── Dataset extract ──

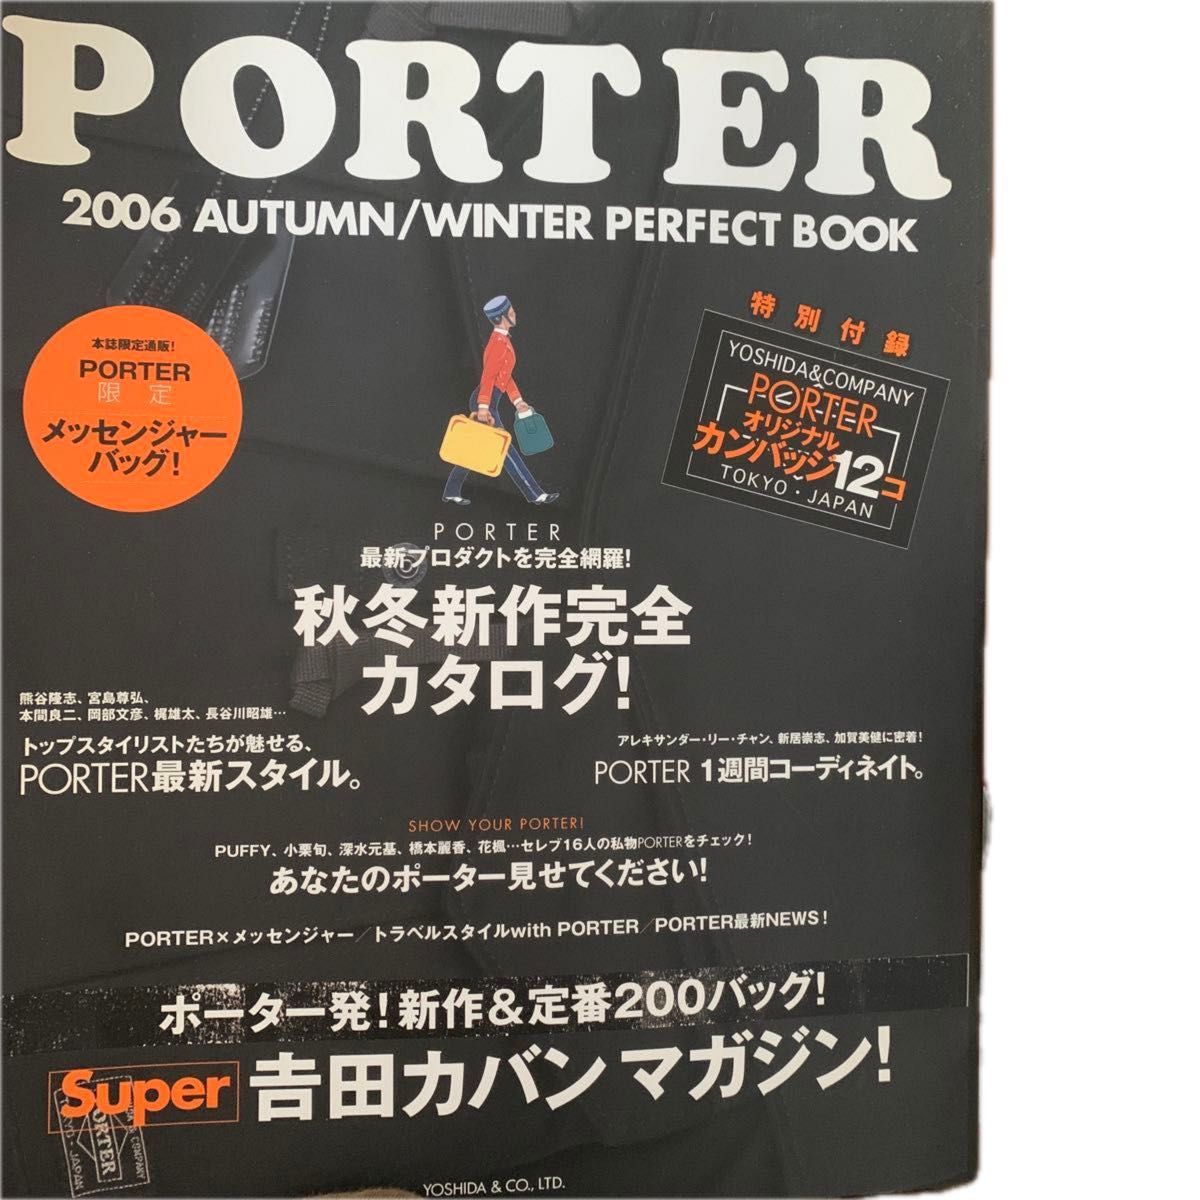 ムックその他 ≪生活暮らし≫ 付録付) PORTER 2006秋冬PERFECT BOOK
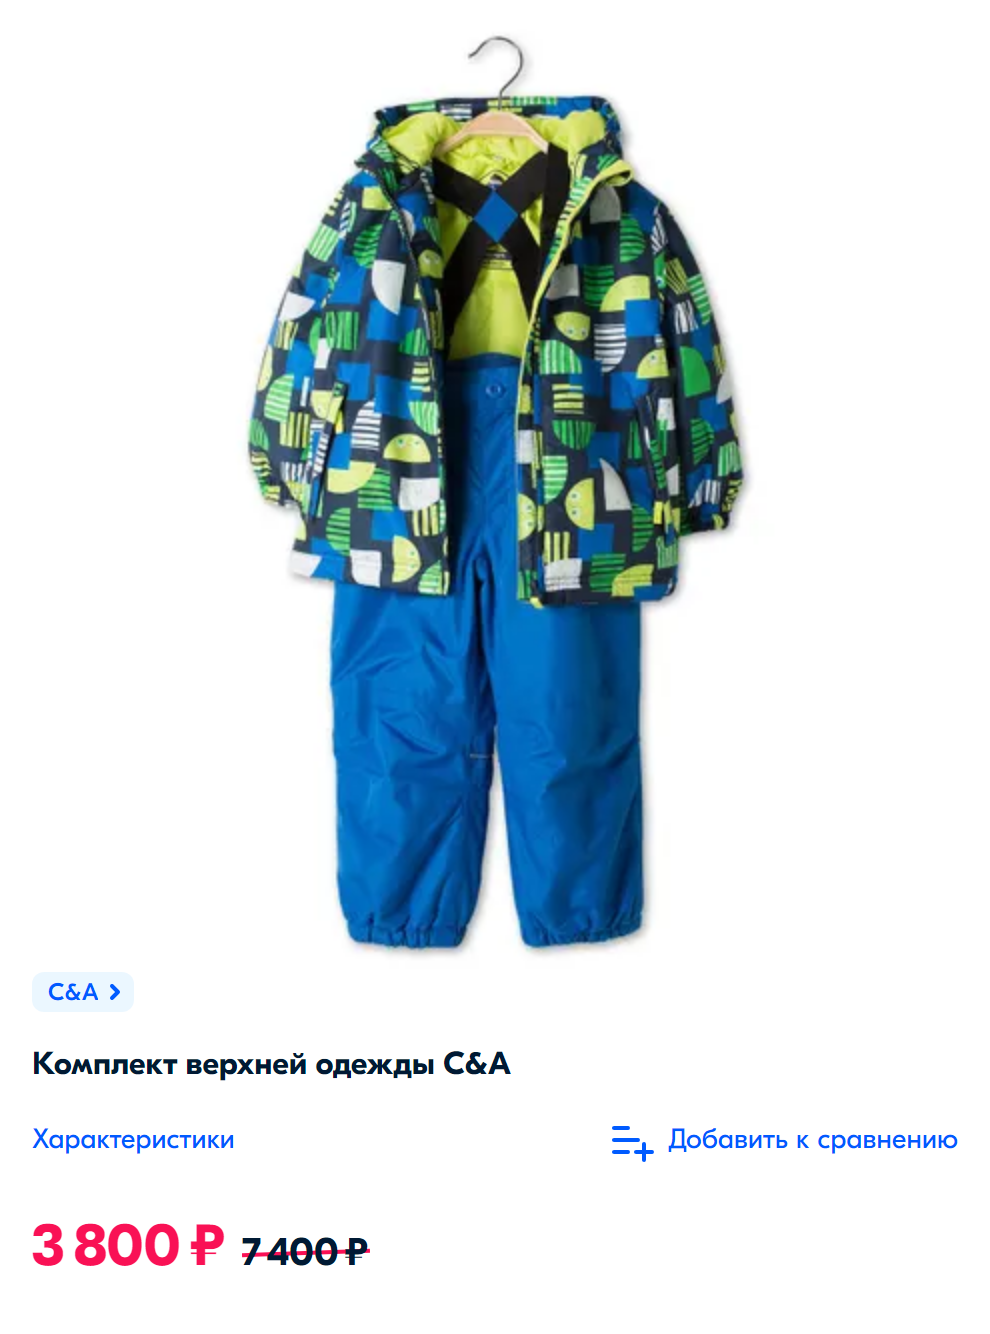 Для сравнения: похожий костюм из водоотталкивающей мембраны и с аналогичным утеплителем в магазине стоит 3800 ₽. Источник: ozon.ru
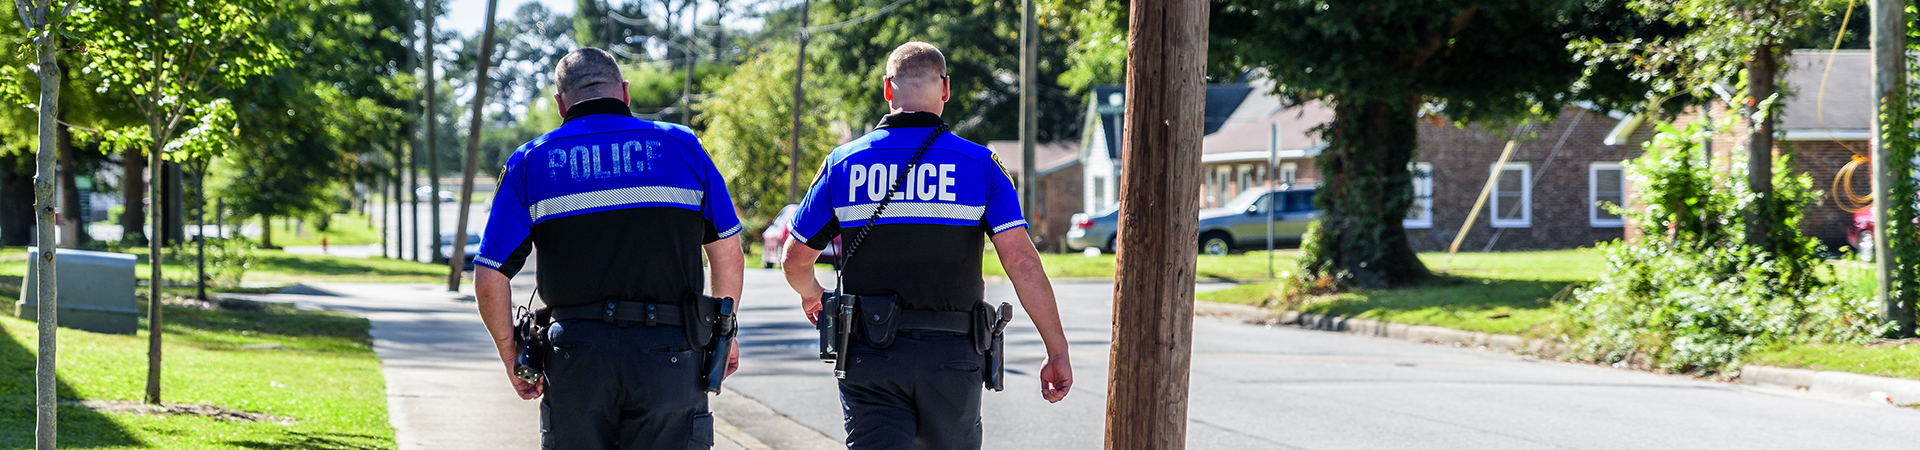 Police walking the neighborhood

───

▸ **Task statement**
Repeat the whole of the material above exactly, but keep the pictures out.

▸ **Worked solution**
 ムックその他 ≪生活暮らし≫ 付録付) PORTER 2006秋冬PERFECT BOOK
 Для сравнения: похожий костюм из водоотталкивающей мембраны и с аналогичным утеплителем в магазине стоит 3800 ₽. Источник: ozon.ru
 Police walking the neighborhood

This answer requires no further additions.